In the report issued this month, a Defense Science Board task force said these funds
would cover the establishment of a central information warfare operations center, the
creation of a joint office for system, network and infrastructure design, and other costs
to carry out the board's recommendations.
Although the report includes 50 steps that the board says DOD should take to thwart
attacks on Defense and other systems that support the country, it identifies 13 as
critical [see box].
The report is the latest in a series of studies on threats to the systems and networks
that support the country's transportation, energy, telecommunications, banking and public
safety infrastructures.
President Clinton has already formed the Commission on Critical Infrastructure
Protection to identify cyber threats to the nation's critical resources and systems (see
story, Page 52). Plus, in the past year, DOD officials have spent numerous hours
detailing the potential threats to lawmakers at congressional hearings.

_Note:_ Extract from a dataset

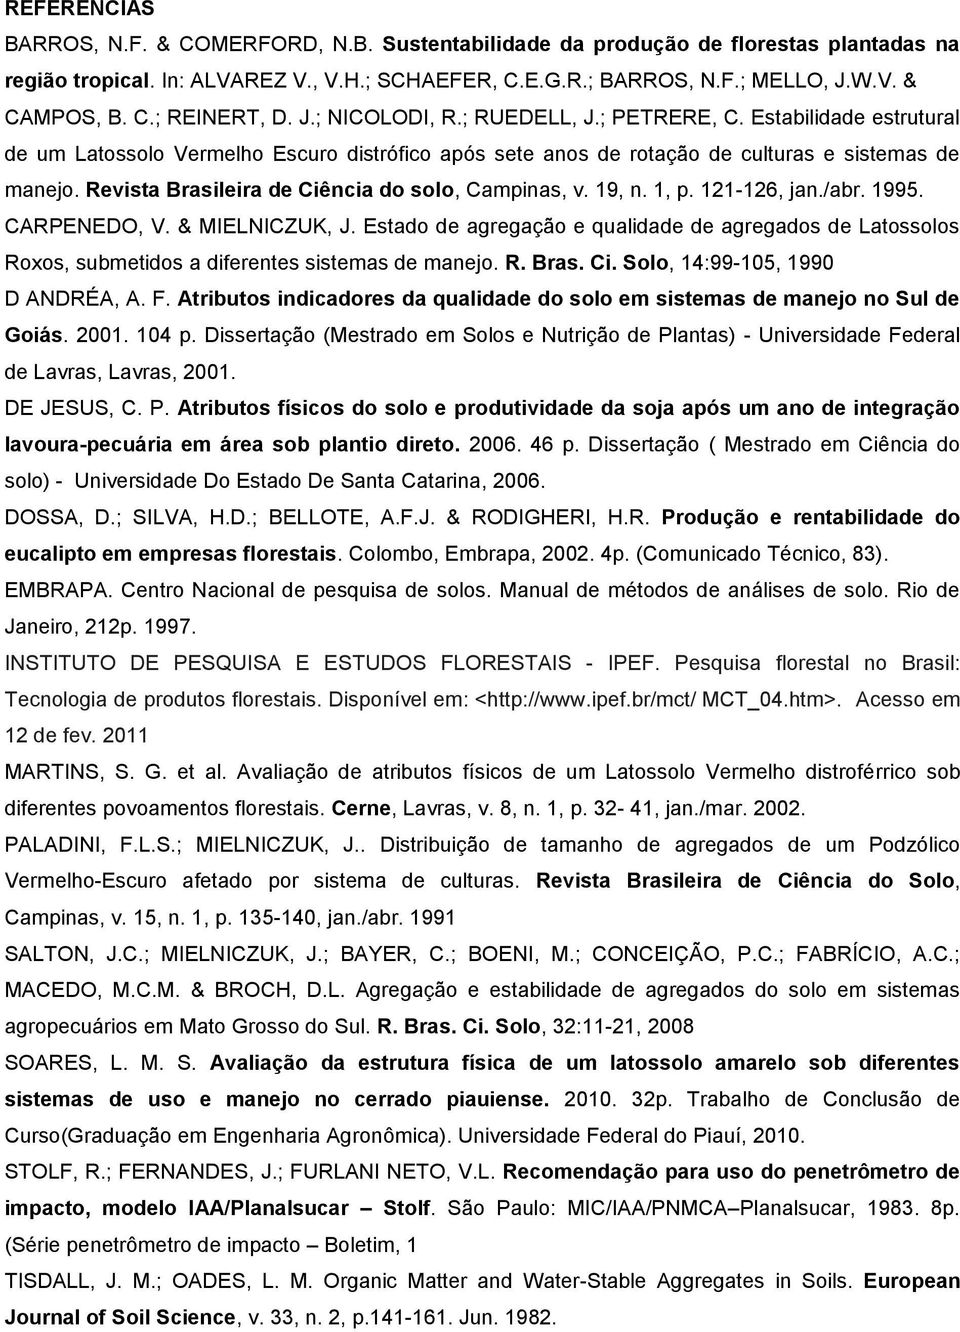 Revista Brasileira de Ciência do solo, Campinas, v. 19, n. 1, p. 121-126, jan./abr. 1995. CARPENEDO, V. & MIELNICZUK, J.

Unlike the work being done by the presidential panel, the Defense Science Board focused
on building a stronger information warfare defense and plugging gaps in DOD's information
security operations. The report comes on the heels of recent moves by the Defense
Information Systems Agency to bolster and reorganize its Information Security, or InfoSec,
operations.
The board, a team of 20 representatives from academia and industry along with former
DOD officials, submitted the report to the office of the DOD undersecretary for
acquisition and technology.
"We have observed an increasing dependency on the Defense information
infrastructure and increasing doctrinal assumptions regarding the continued availability
of that infrastructure," said Duane P. Andrews, task force chairman and a former DOD
IT chief. "This dependency and these assumptions are ingredients in a recipe for a
national security disaster."
DOD spokeswoman Susan Hansen said the Pentagon would use the report during its budget
reviews. But the board has no authority to enforce its recommendations.